Выглянув из кабинета и отдав распоряжения, он так же расположился в кресле. Буквально через пару минут женщина средних лет, судя по форменному белому фартуку — прислуга, внесла и поставила на стол поднос с большим, стакана на 3-4, довольно таки необычным, глиняным заварочным чайником, двумя чайным парами, кувшинчик с молоком, (как же, на Руси, и чай без молока!) и блюдечко с колотым сахаром. После того, как она, разлив напиток по чашкам, вышла из кабинета, разговор продолжился.
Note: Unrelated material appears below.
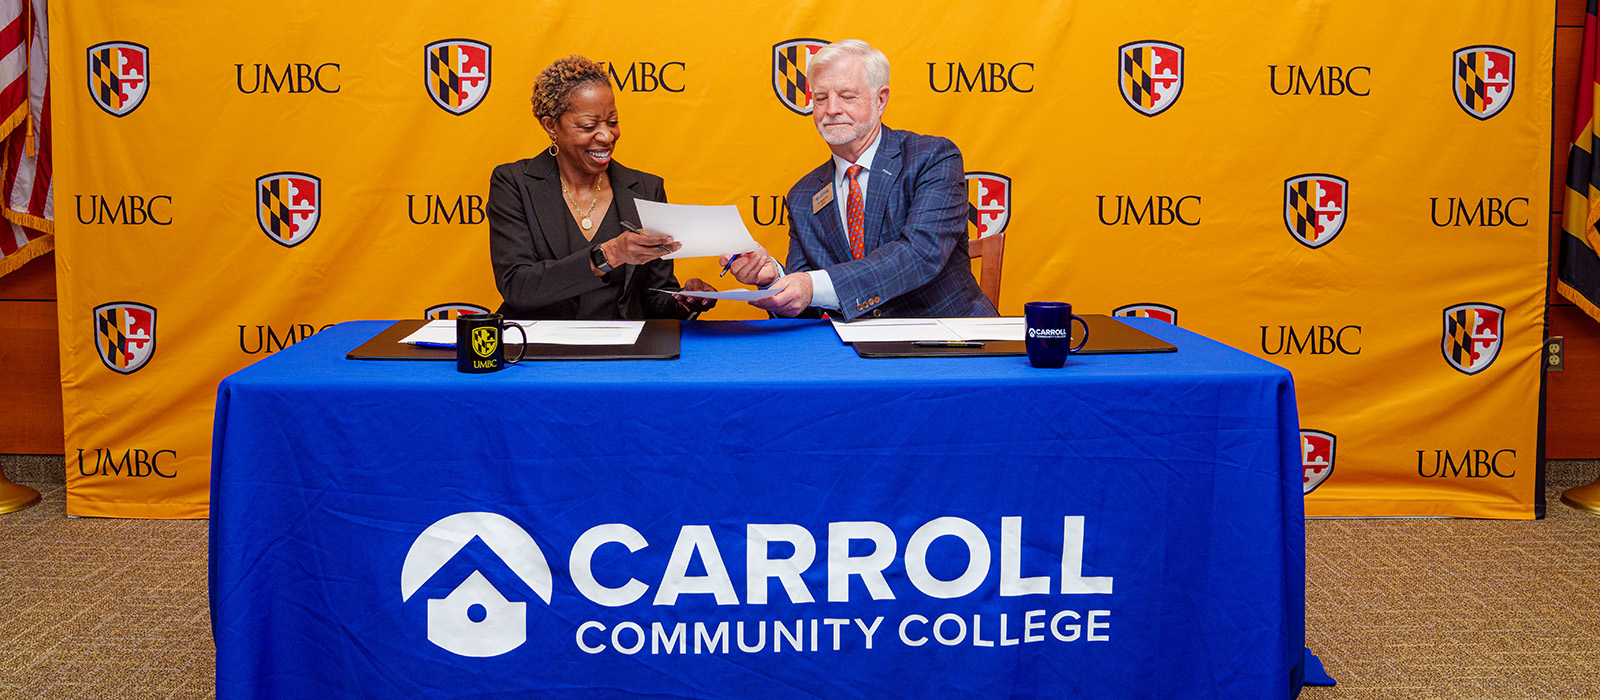 Carroll and UMBC transfer agreement signed Carroll Community College

— Ну что Вам сказать, Борис Андреевич, — задумчиво молвил профессор, — весьма интересная личность, этот Ваш молодой князь, весьма ... Полковник вопросительно приподнял брови, ожидая продолжения.
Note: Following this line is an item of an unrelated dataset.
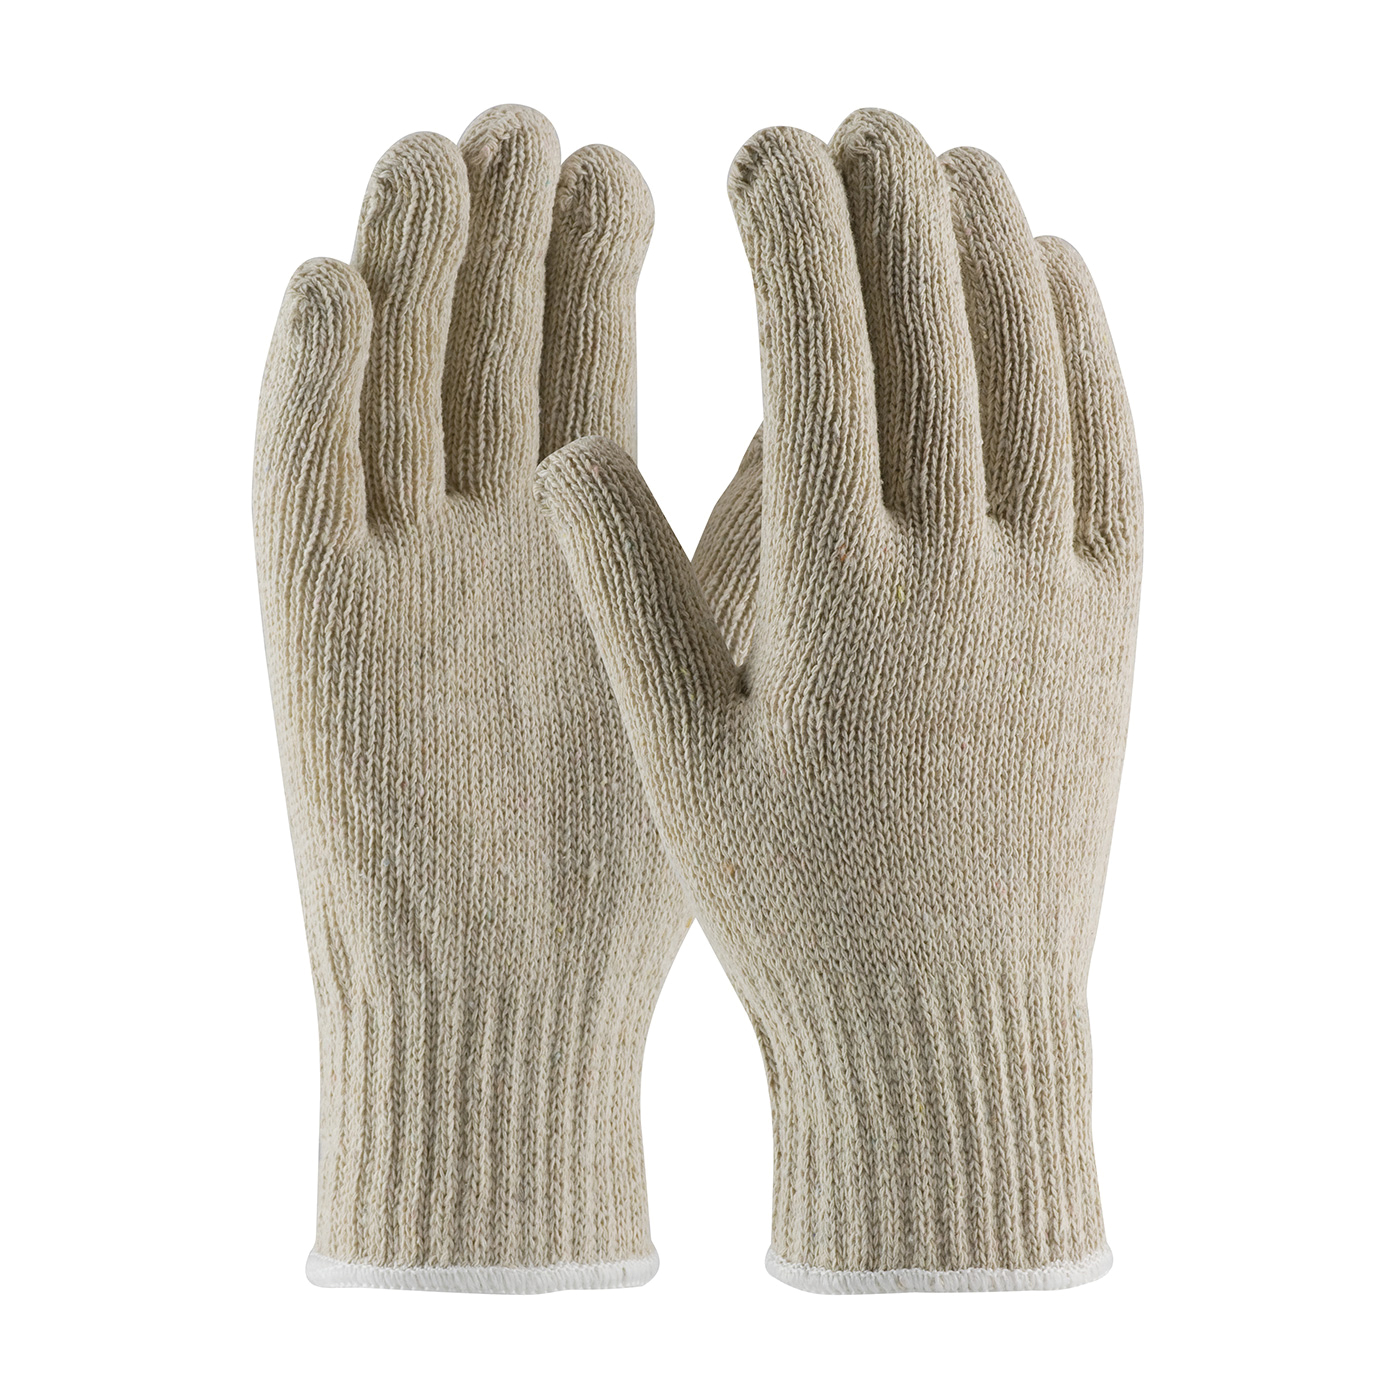 PIP® 712S Unisex General Purpose Gloves, Work, Full Finger/Seamless Style, L, Cotton/Polyester Palm, Cotton/Polyester, Natural White, Ribbed Knit Wrist Cuff

— Да, это именно молодой Белогорьев, хотя я и не особо знал его раньше, — продолжил профессор, — но это несомненно он. И в то же время это и другая личность. Пока не знаю, как объяснить это, в записях моего покойного наставника (профессор Балинский Иван Михайлович) не встречается подобный феномен. Без всякого сомнения, здесь я наблюдаю отнюдь не замену личности, и даже, подозреваю, не просто слияние личности молодого князя и, скажем так, неизвестного, — профессор сделал паузу, о чем-то задумавшись, — а взаимное дополнение, что ли, обогащение знаниями, мыслями, навыками, качествами, наконец, двух отдельных личностей. Бехтерев встал и стал прохаживаться по кабинету, жестом показав собеседнику, чтобы он продолжал сидеть.
— Да, бесспорно, в этом теле уживаются, мирно сосуществуют две отдельные личности. И как я понял, вполне себе мирно сосуществуют, не вступая в конфликт друг с другом.
хотел что-то спросить профессора, но тот опередил его
— Поразительно, но в нашем архиве я не встречал подобного. Дело в том, что до сих пор бытовало мнение, что при 'вселении', личность — agresseur (лат.), будучи более сильной и исходя из того, что исходный пациент в это время находится в 'пограничном' состоянии, следовательно, ослаблен, в том числе и духовно, мягко сказать, подавляла изначальную. Если по какой либо причине это не удавалось, то рассудок несчастного, назовем его матрицей, или что более близко, просто сосудом, оболочкой, не выдерживает конфликта двух этих ипостасей. Происходит так называемый эмоциональный взрыв и срабатывает своего рода предохранитель, и по-простому говоря, мозг отключается, — профессор попал в свою стихию, энергично вышагивая по кабинету и отчаянно жестикулируя при этом, будто читал лекцию в аудитории, — В народе это называется помутнением рассудка. Здесь же, я ни на сколько не сомневаюсь, в теле молодого князя каким то непостижимом образом уживаются две личности, а именно самого князя и неизвестного пока нам, назовем его аноним (греч.безымянный, не назвавший себя). И уживаются, как мы видим, вполне себе мирно. В рассудке же князя сомневаться не приходится.
— Владимир Михайлович, прошу прощения, — видя, что профессор явно все больше и больше скатывается в научную сторону при рассмотрении проблемы и стремясь вернуться к практической стороне вопроса, — уверяю Вас, все это весьма занимательно, — сделал он небольшую паузу, — но пока меня интересует один, сугубо практический вопрос. А именно, кто он, этот аноним, как Вы сказали, что нам от него ждать, насколько опасен он для общества.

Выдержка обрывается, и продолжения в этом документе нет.